*Problem*
The answer should consist of each line from the data below that includes "laiton".

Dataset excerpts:

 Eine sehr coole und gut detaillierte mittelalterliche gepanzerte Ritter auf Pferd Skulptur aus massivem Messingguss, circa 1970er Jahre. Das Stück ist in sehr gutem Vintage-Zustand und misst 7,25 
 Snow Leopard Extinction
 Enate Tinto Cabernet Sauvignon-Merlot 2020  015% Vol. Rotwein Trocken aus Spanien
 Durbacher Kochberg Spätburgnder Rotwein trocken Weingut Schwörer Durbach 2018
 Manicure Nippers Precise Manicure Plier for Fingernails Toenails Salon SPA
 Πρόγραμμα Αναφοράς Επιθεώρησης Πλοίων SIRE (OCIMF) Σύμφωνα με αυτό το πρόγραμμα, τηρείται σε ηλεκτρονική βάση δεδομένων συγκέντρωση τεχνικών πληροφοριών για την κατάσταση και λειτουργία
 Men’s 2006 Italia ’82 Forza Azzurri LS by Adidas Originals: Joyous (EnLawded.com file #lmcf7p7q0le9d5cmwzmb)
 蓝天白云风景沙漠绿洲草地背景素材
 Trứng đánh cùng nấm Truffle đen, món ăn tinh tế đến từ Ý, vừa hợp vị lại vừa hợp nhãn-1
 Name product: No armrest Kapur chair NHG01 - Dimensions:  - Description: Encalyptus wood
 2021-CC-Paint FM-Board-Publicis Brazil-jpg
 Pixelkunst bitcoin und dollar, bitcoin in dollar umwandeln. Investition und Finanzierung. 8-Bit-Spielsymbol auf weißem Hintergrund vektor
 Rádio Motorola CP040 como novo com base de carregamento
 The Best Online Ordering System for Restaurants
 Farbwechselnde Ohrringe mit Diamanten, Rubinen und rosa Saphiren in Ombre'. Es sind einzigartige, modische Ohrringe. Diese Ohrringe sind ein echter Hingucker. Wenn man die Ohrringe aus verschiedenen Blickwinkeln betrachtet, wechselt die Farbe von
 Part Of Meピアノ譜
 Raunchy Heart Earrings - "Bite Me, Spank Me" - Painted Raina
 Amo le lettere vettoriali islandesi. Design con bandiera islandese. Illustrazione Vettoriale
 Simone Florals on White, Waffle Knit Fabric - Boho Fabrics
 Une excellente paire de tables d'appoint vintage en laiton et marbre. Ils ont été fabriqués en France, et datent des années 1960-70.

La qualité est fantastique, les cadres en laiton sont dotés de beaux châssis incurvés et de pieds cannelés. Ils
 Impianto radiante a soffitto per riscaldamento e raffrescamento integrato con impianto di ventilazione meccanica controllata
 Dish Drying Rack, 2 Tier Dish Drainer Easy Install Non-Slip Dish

*Written response*
 Une excellente paire de tables d'appoint vintage en laiton et marbre. Ils ont été fabriqués en France, et datent des années 1960-70.
La qualité est fantastique, les cadres en laiton sont dotés de beaux châssis incurvés et de pieds cannelés. Ils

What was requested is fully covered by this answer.